• [ASSIGNMENT] Range to output from the entries below: the line containing "Emporio Armani Men's" through the line containing "Nettoyeur de plage". Set it down exactly, ends included, nothing else.

• [RAW DATA]
>>>>
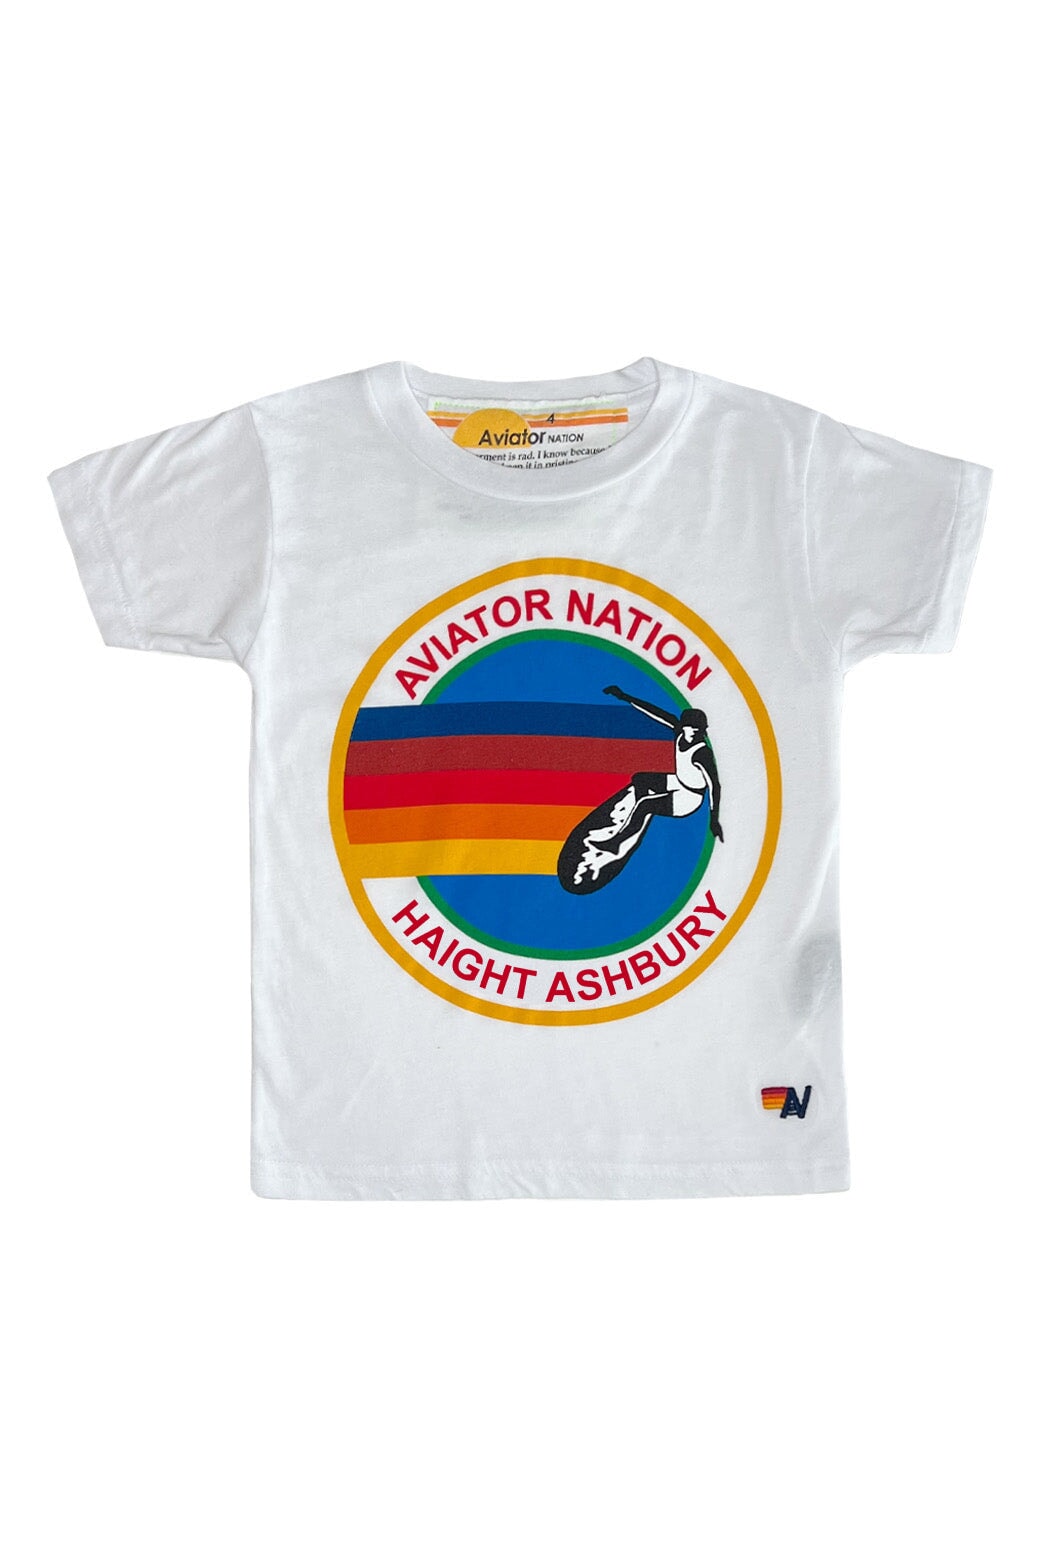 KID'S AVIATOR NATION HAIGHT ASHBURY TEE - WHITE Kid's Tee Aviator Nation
<<<<
>>>>
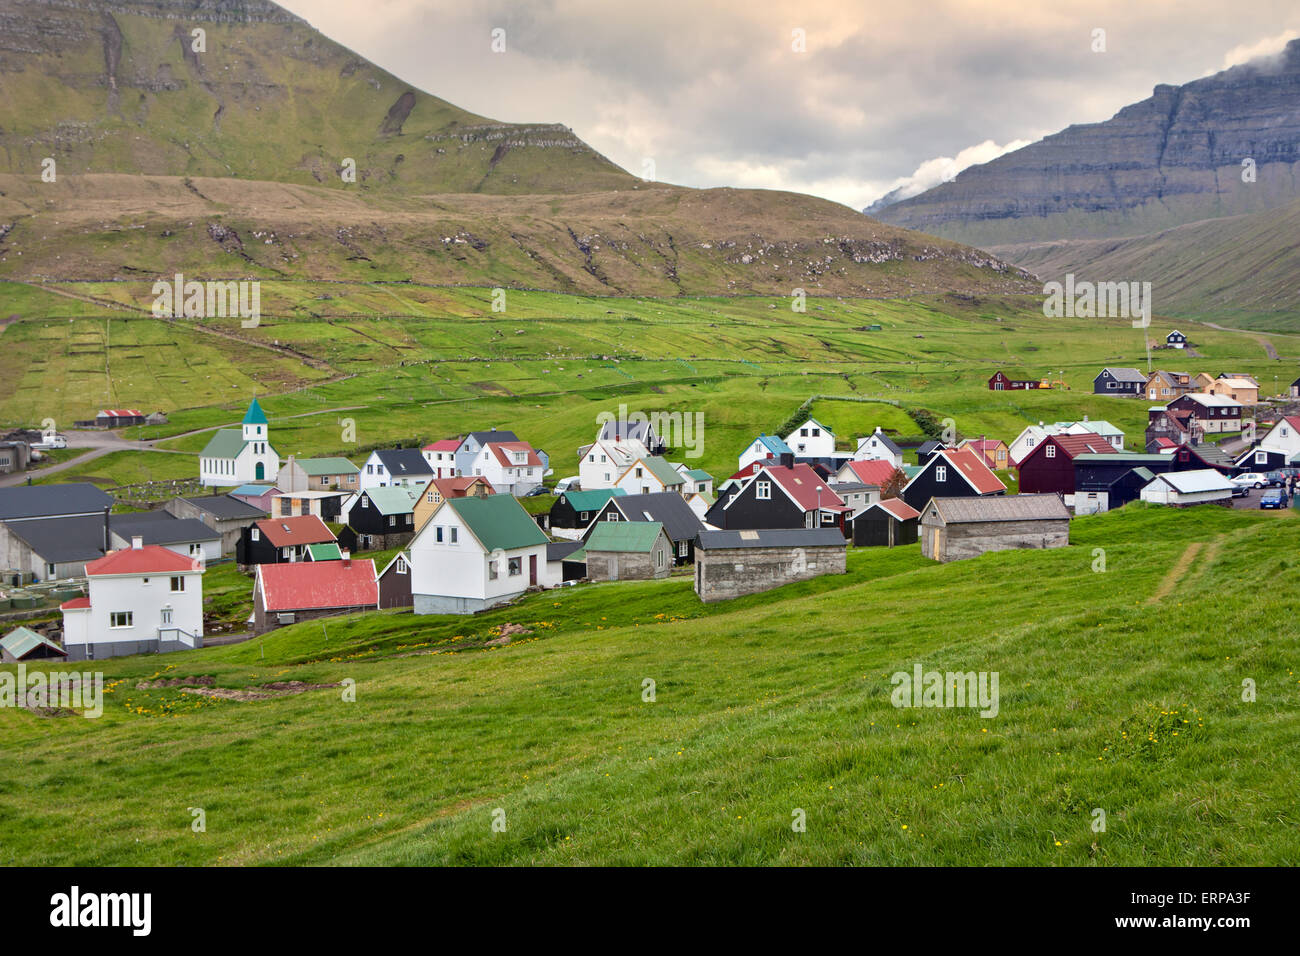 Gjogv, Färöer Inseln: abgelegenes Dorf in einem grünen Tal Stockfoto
<<<<
>>>>
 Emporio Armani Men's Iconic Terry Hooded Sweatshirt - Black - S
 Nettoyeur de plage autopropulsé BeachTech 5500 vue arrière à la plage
<<<<
• [RESPONSE BOX]
 Emporio Armani Men's Iconic Terry Hooded Sweatshirt - Black - S
 Nettoyeur de plage autopropulsé BeachTech 5500 vue arrière à la plage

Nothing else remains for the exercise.